◆ Information shown
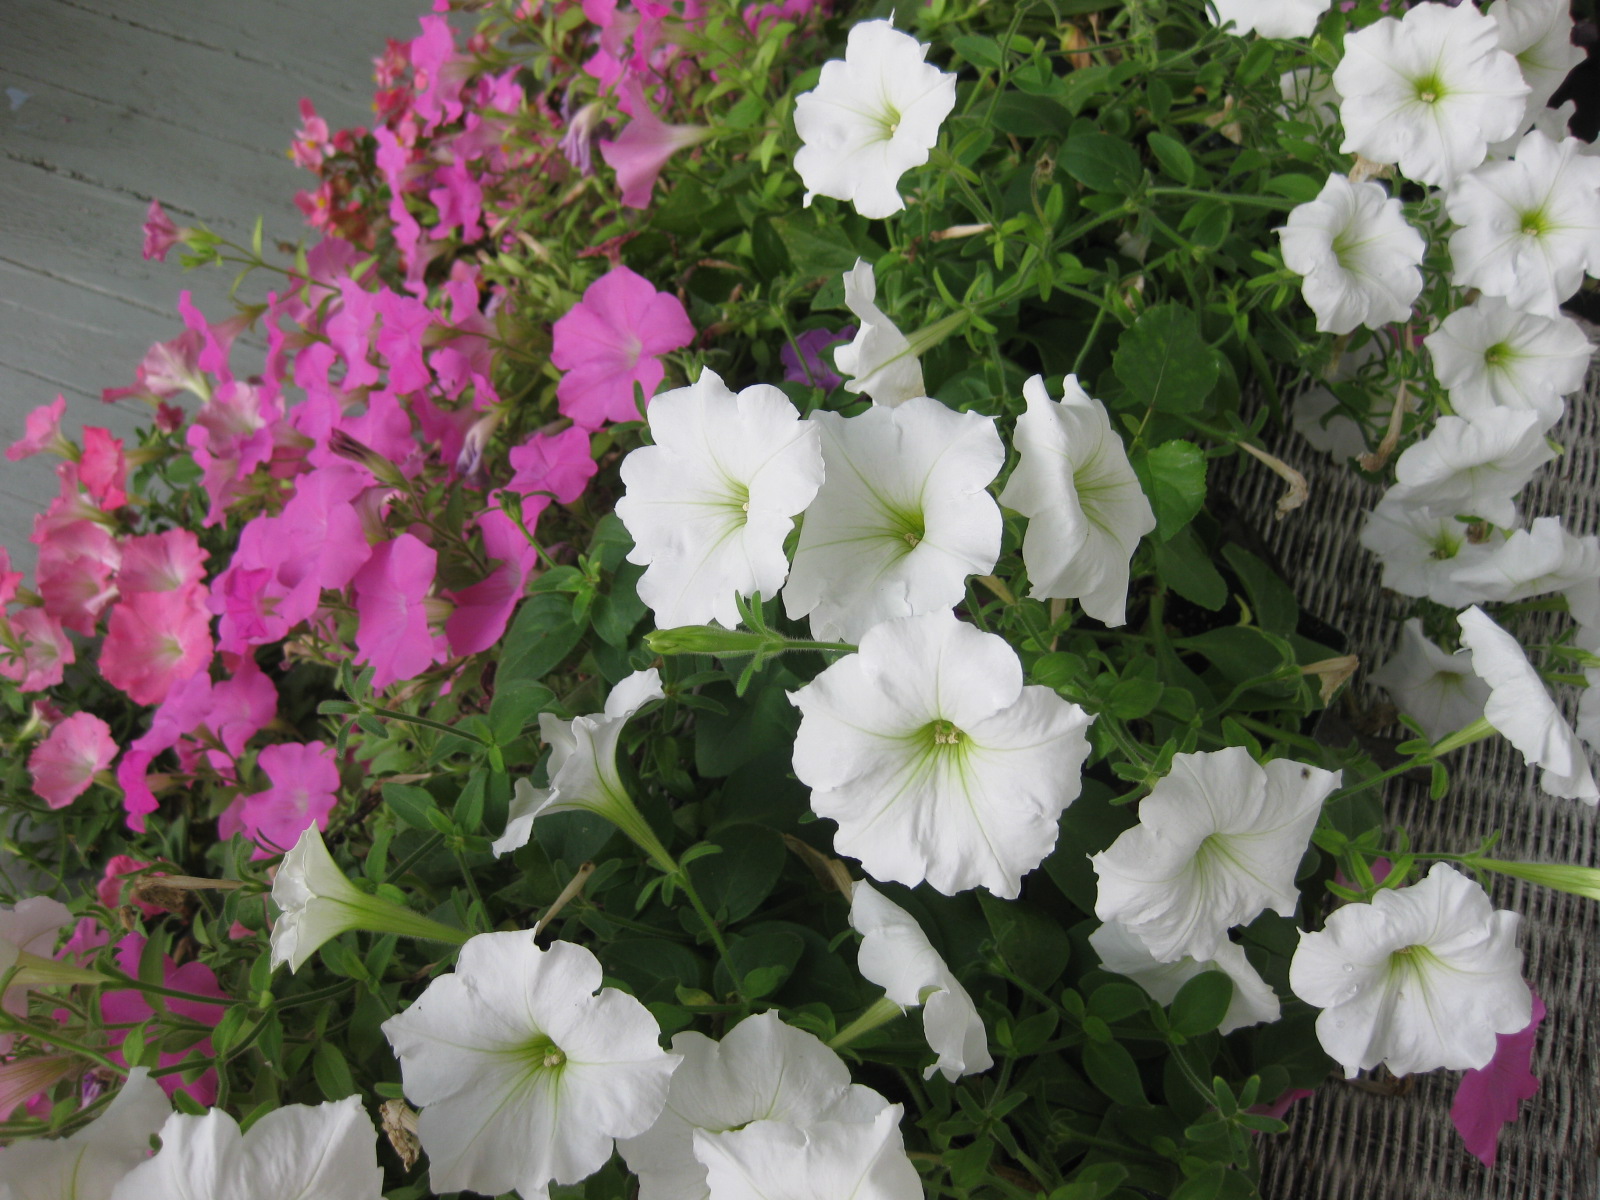 Tip: First Aid for Weary Petunias
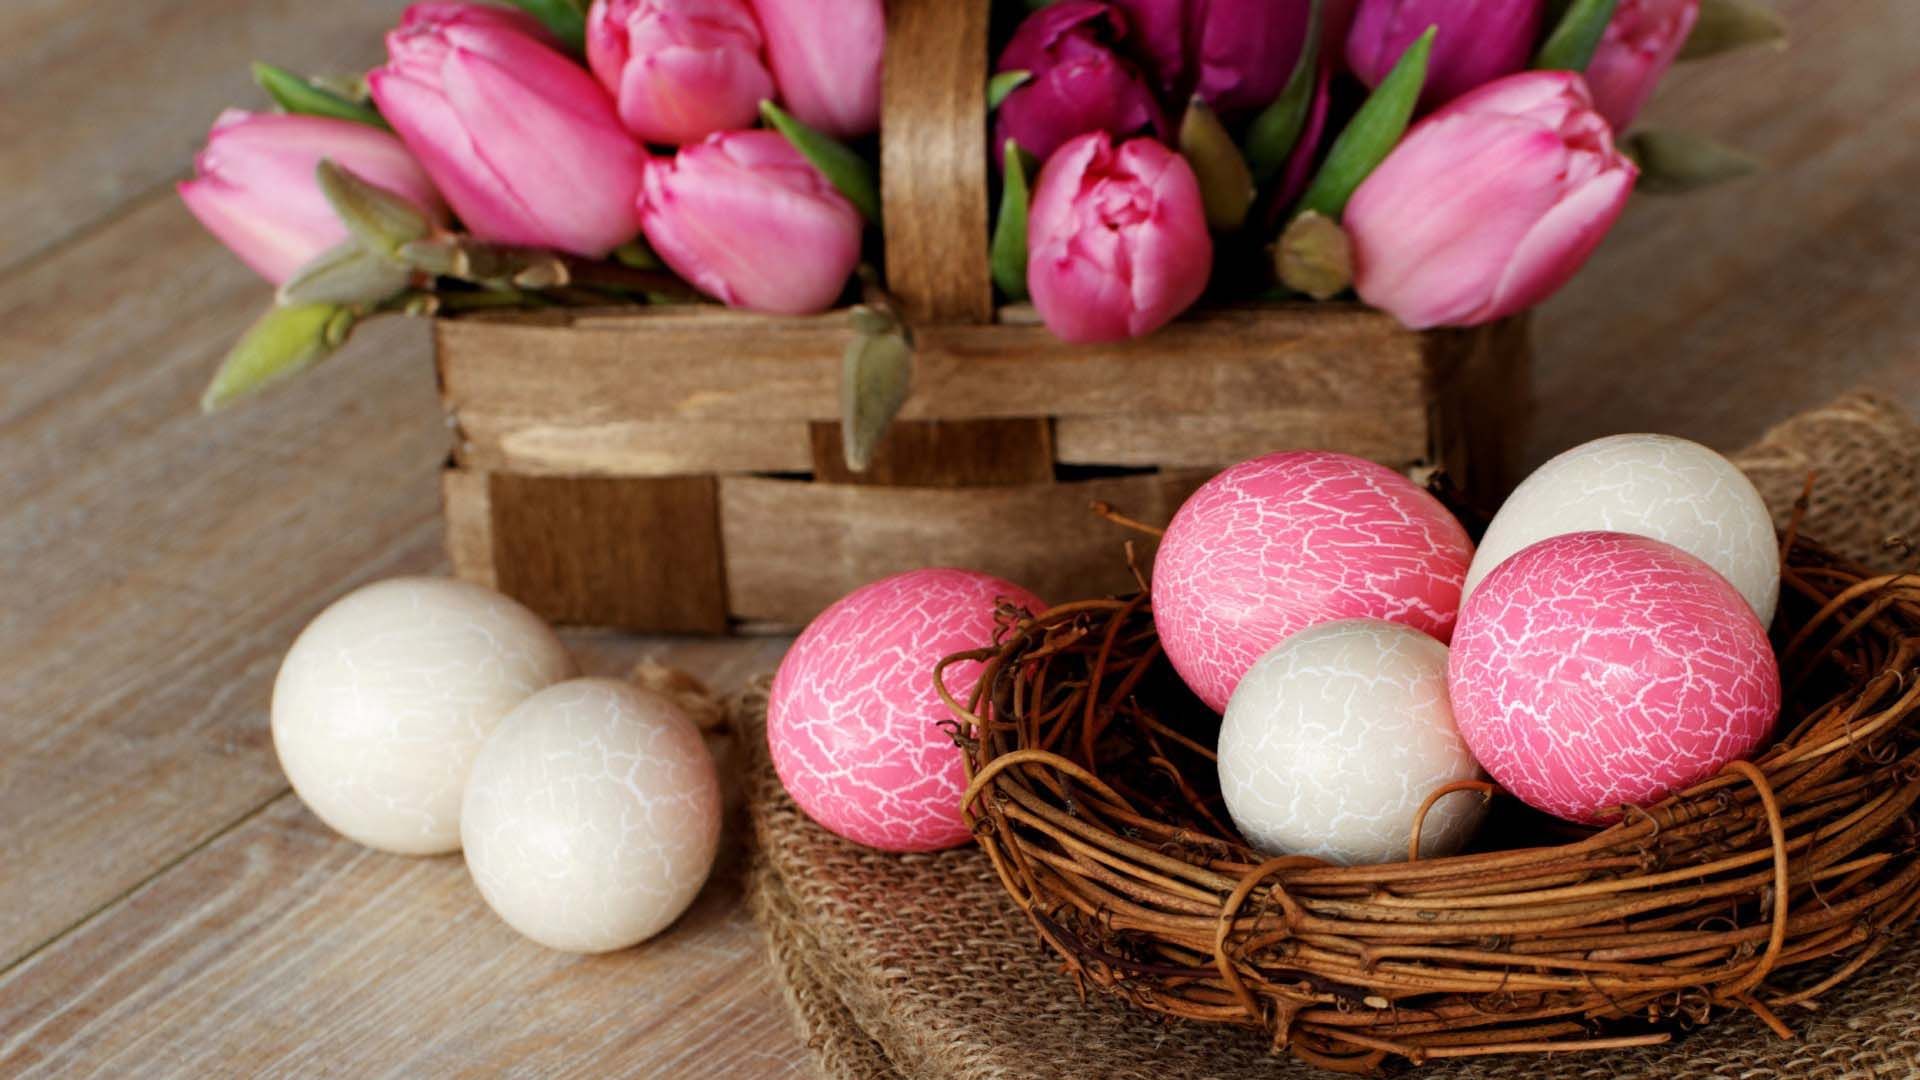 Hapy Easter White And Pink Eggs For Easter Wallpaper 1920x1080 PC Wallpaper. Easter eggs, Easter wallpaper, Happy easter
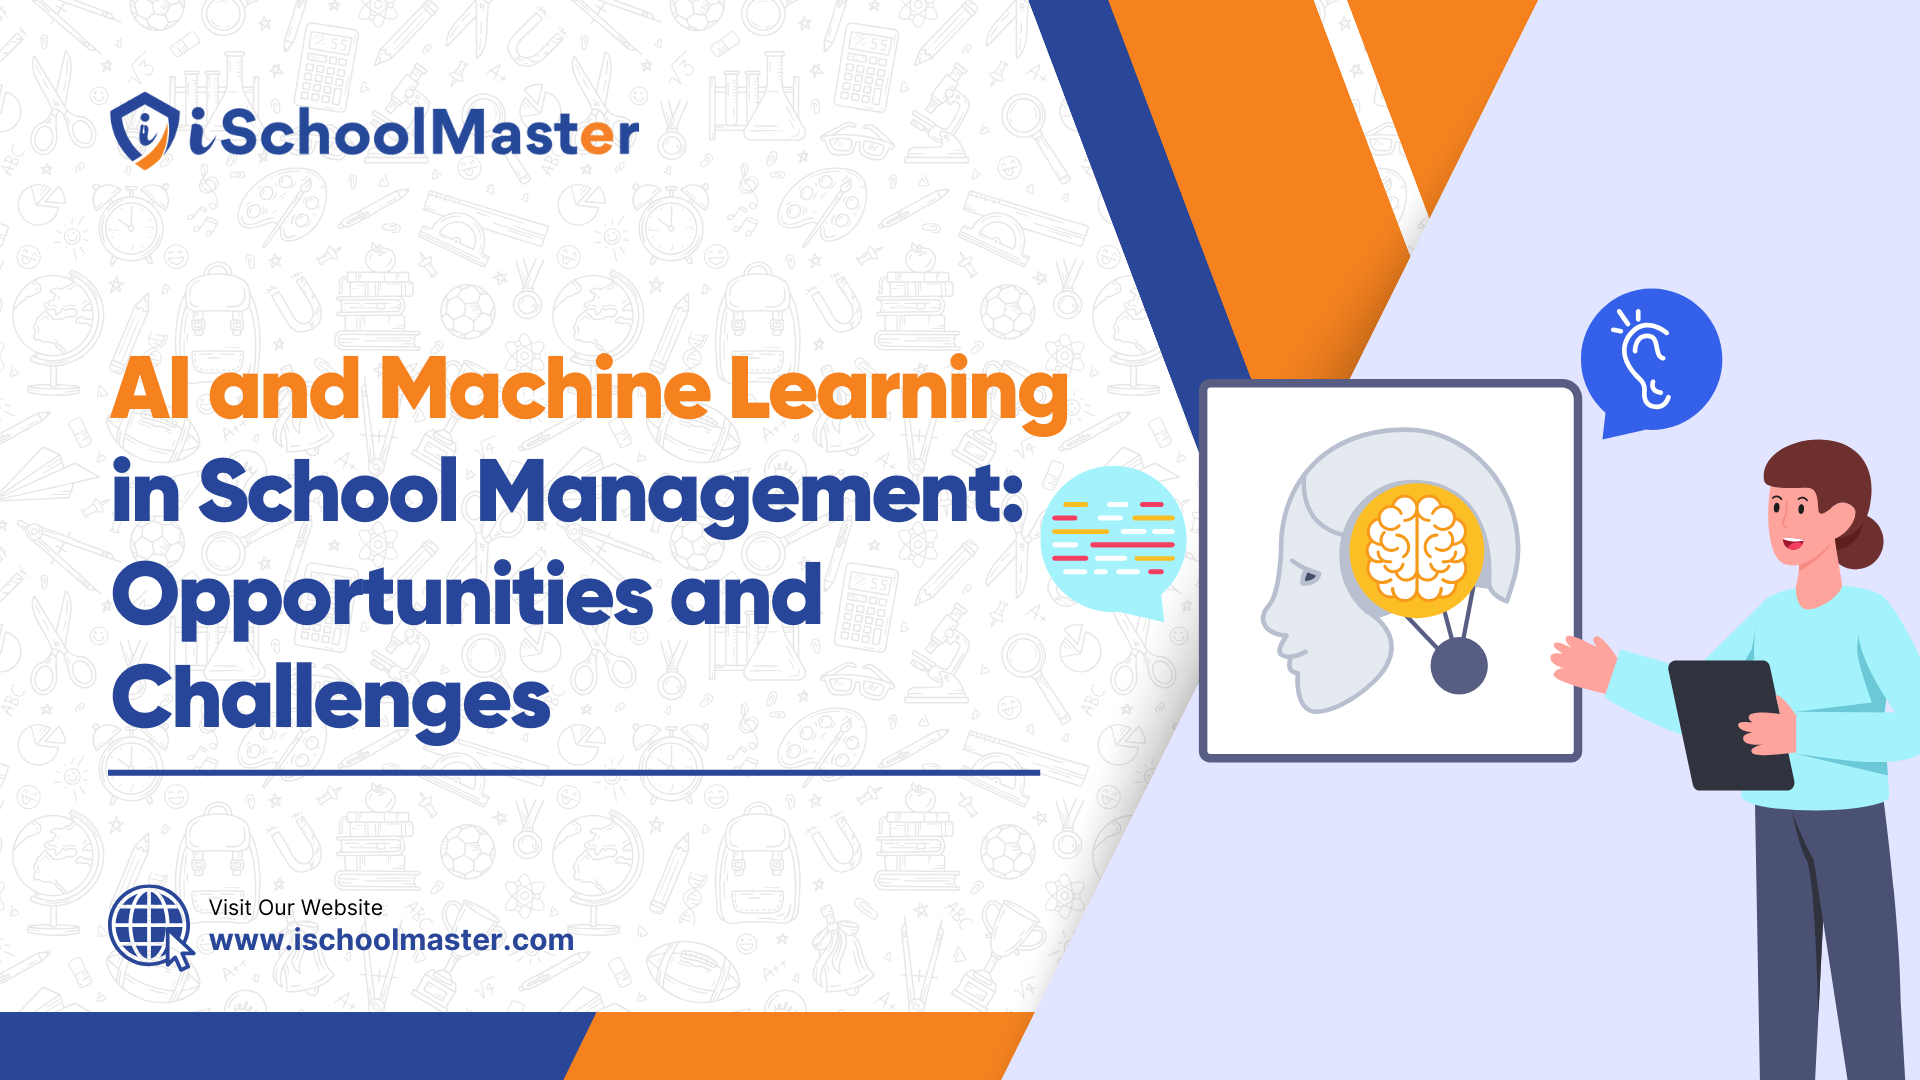 AI and Machine Learning in School Management: Opportunities and Challenges
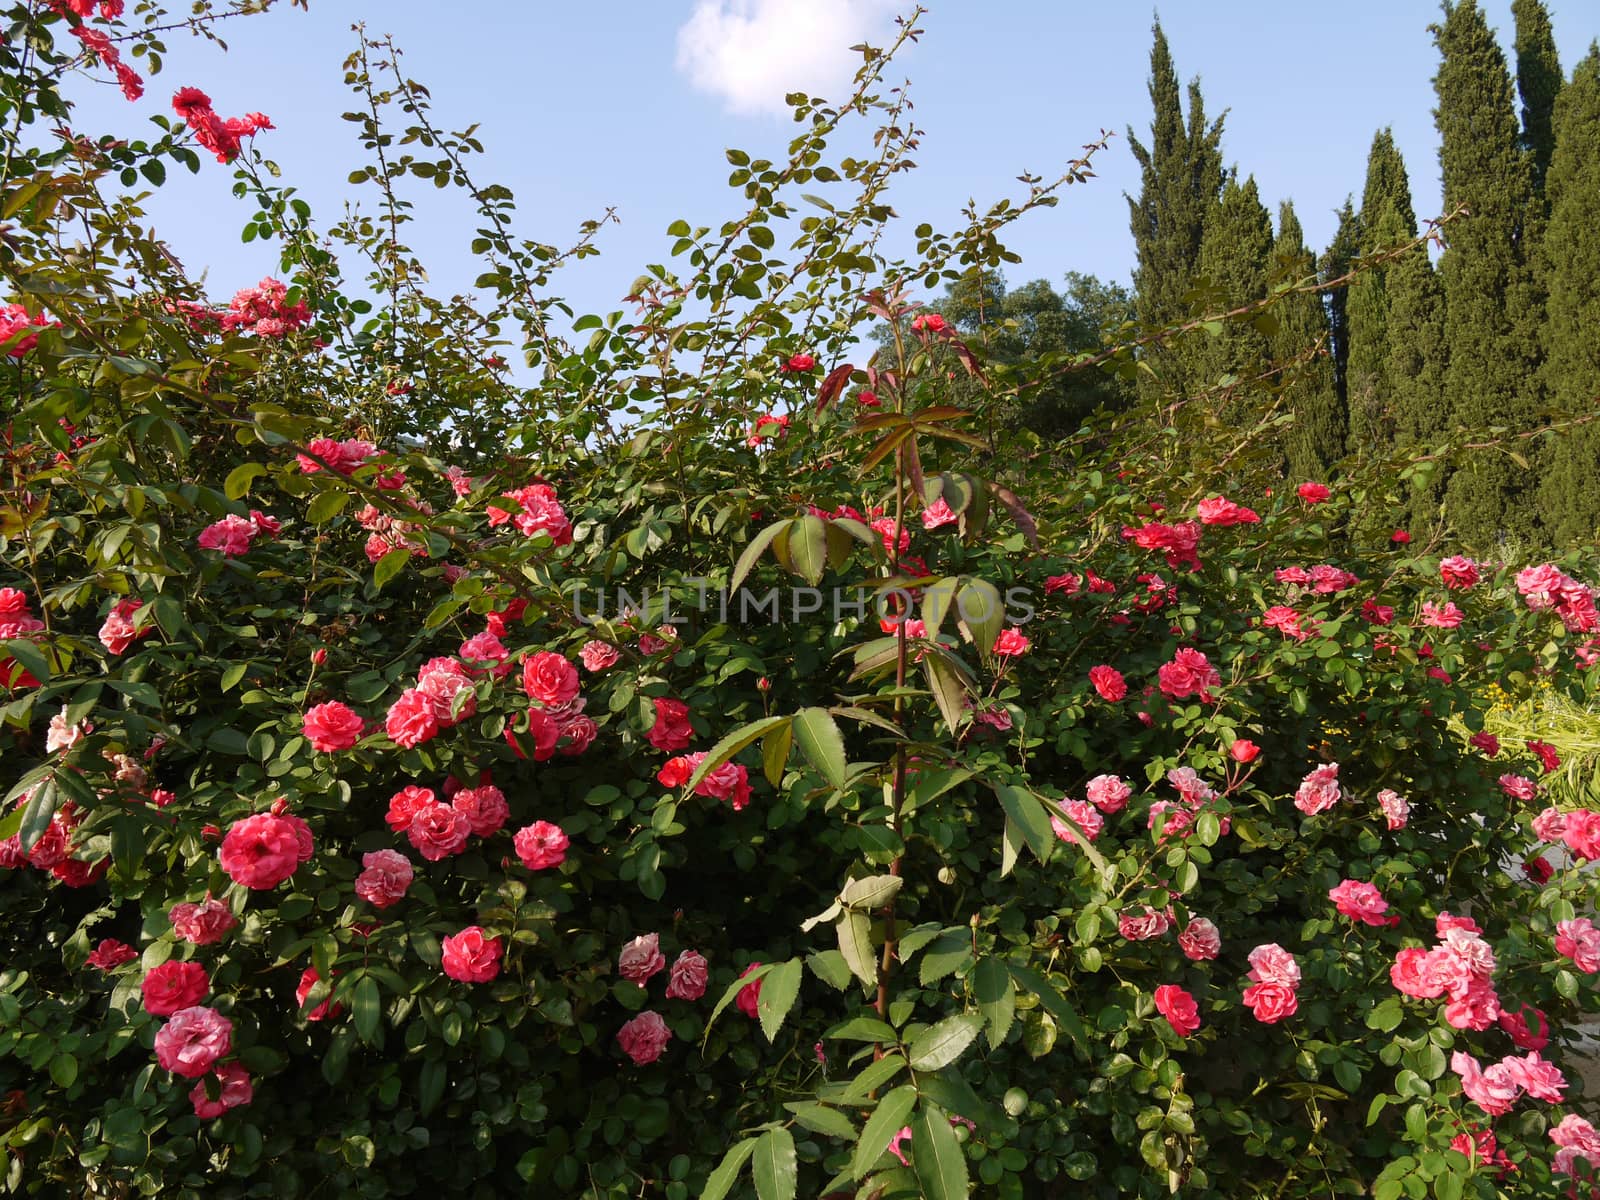 Thick, woven rose bushes with mane stalks and prickly needles by Adamchuk

◆ What you are asked to do
Output all lines above precisely. Pictures are to be left out.

◆ Answer for the task
 Tip: First Aid for Weary Petunias
 Hapy Easter White And Pink Eggs For Easter Wallpaper 1920x1080 PC Wallpaper. Easter eggs, Easter wallpaper, Happy easter
 AI and Machine Learning in School Management: Opportunities and Challenges
 Thick, woven rose bushes with mane stalks and prickly needles by Adamchuk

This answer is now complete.